Alex Faaborg gave a fantastic talk about the design of Firefox in late 2011. In the three minutes from 27:00 to 30:00, he covers how Firefox seamlessly adopts the look and feel of its host operating system without forfeiting its own unique identity. I’d highly recommend watching that three minute segment: http://www.youtube.com/watch?v=hMDBwa4huUY#t=27m
Would those same principles apply equally well to Persona?
pzxc’s post lacks comments, so I’ll chime in here.
pzxc’s tagline “web development predicts the future” is another perfect way to frame the branding argument. Persona *is* an API (and a protocol) and it’s meant to be native in the Browser. When that happens, these branding questions go away.
The current popup is a temporary transition step, that *predicts the future* of how people will actually interact with Persona.
Give yourself the design problem of branding this popup. It’s quite challenging, as we don’t want this to seem to be a Firefox product which would alienate other browser vendors. But as Ben says here, it can’t be an invisible brand for UX and security reasons.
So we’ve created a neutral brand and encouraged other browser vendors to use the name, starting with the web based dialog.
Before Persona is build into the browser-chrome and is still just a
ordinary javascript popup, it will be far to easy to fake and phish. It
teaches the user to login using a link from an untrusted (although
innocent looking) site, directly contrary to what we have been trying to
users for ever. The users only defense is the url-bar of the popup (if
it isn’t just hidden by the phisher, e.g. using a simulated popup), but
few users will comprehend that e.g.
“https://www.innocent-looking.com/login” is very dangerous.
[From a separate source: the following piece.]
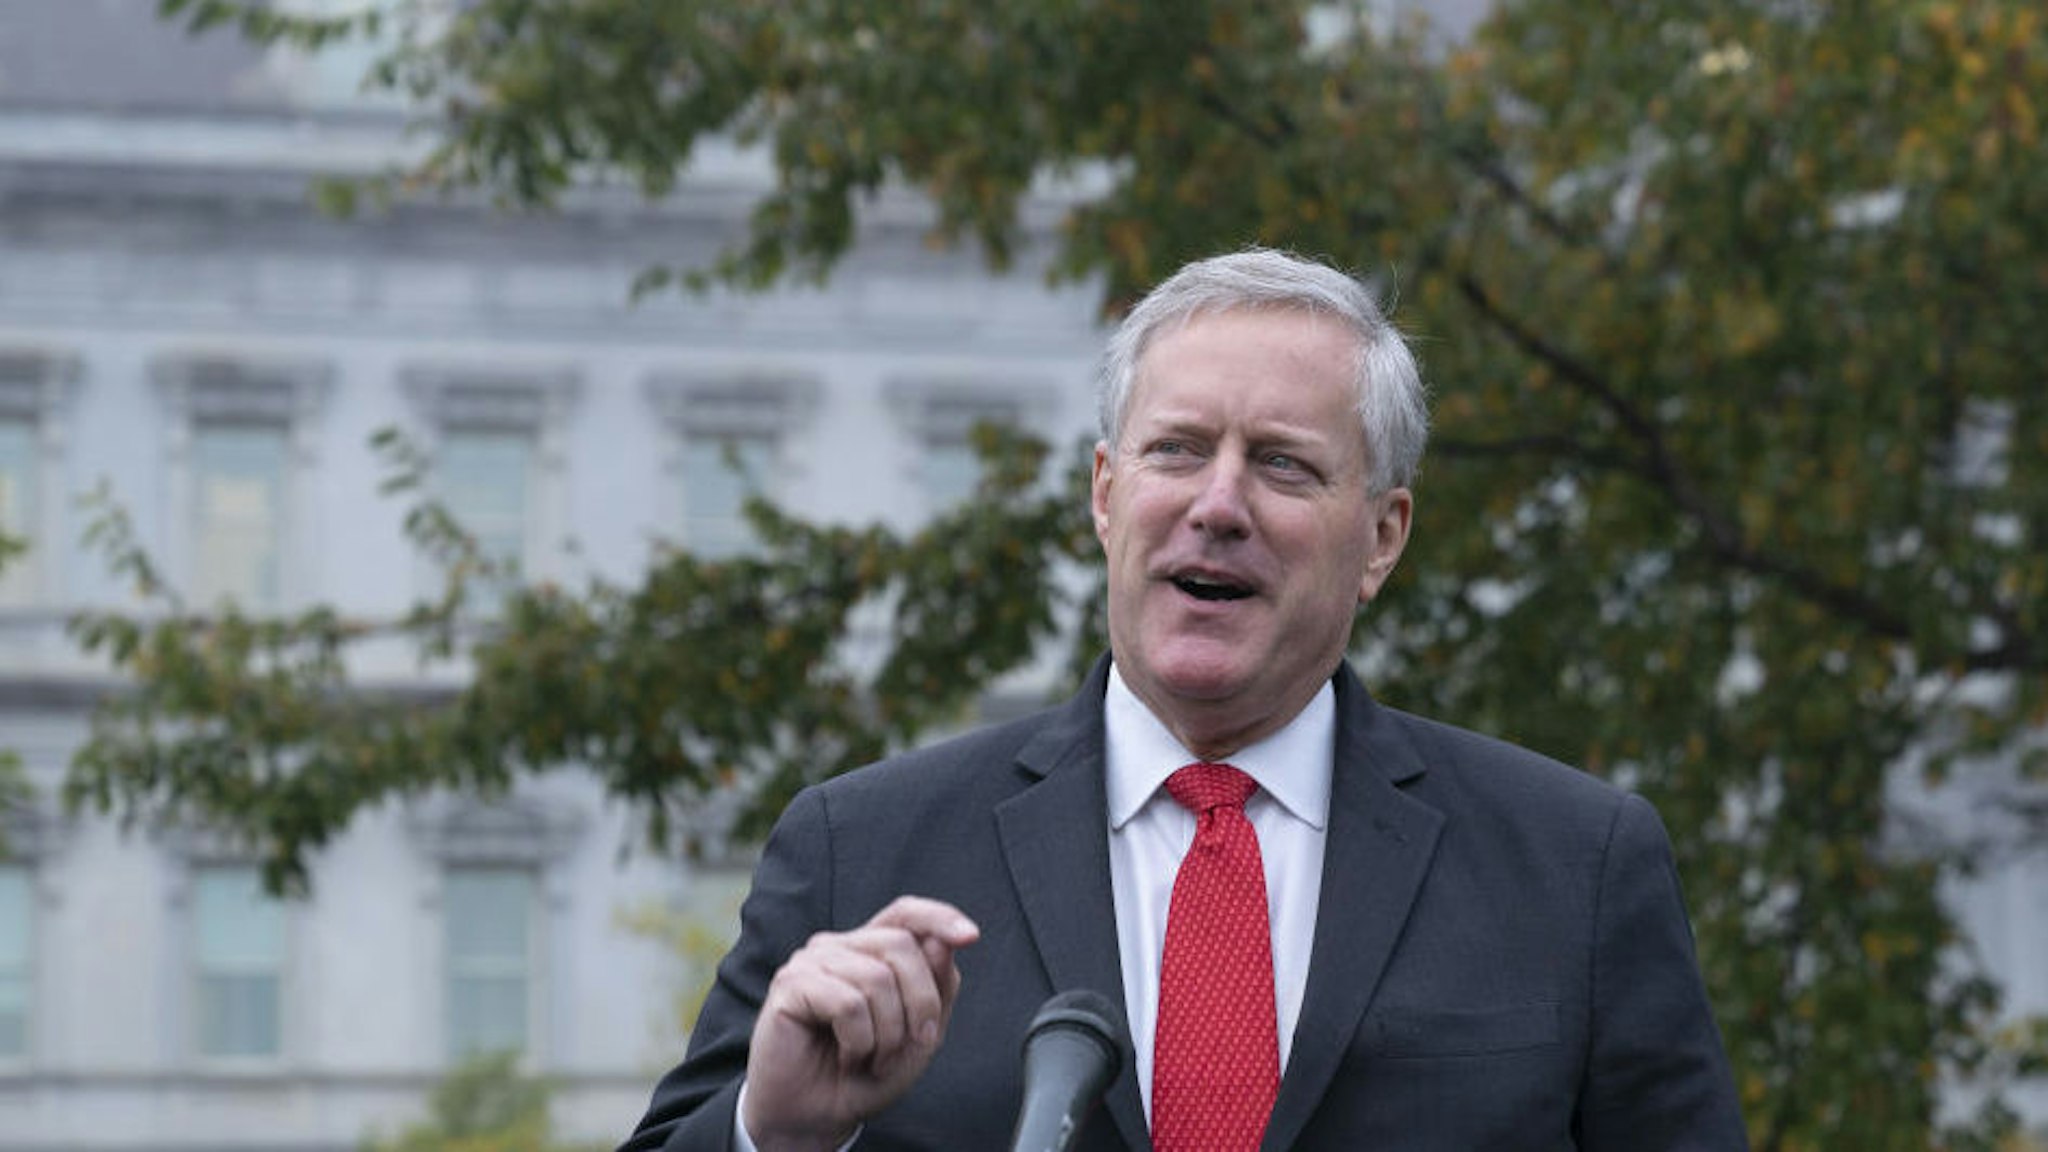 Mark Meadows, White House chief of staff, speaks to members of the media outside of the White House in Washington, D.C., U.S., on Wednesday, Oct. 21, 2020. Meadows said the goal in talks with House Speaker Pelosi is a deal on a coronavirus relief package within the next 48 hours.

So the popup
solution (even if you meant it to be temporary) is bad for the web. The
in-browser solution on the other hand can and should be completely
“white-box”. But the fact that Mozilla have not chosen to add it to the
browser (although it would add no distractions for users/sites not using
the feature) would seem to indicate to sites and other browser vendors
that Mozilla isn’t serious about the feature.
Also the current
implementation of yahoo-login looks like a bad phishing attempt already
(login-box doesn’t fit in the window with no way to scoll, no obvious
way to go back and a dead-end if the popup is closed at that point,
wrong word-wrap of “yahoo.login.person – a.org”).
> we don’t want this to seem to be a Firefox product which would alienate other browser vendors
Renaming
it from the obvious and vendor neutral “BrowserID” to the obscure and
Mozilla-specific “Mozilla Persona” pretty much ensured that other
browser vendors will never touch it and thus killed it.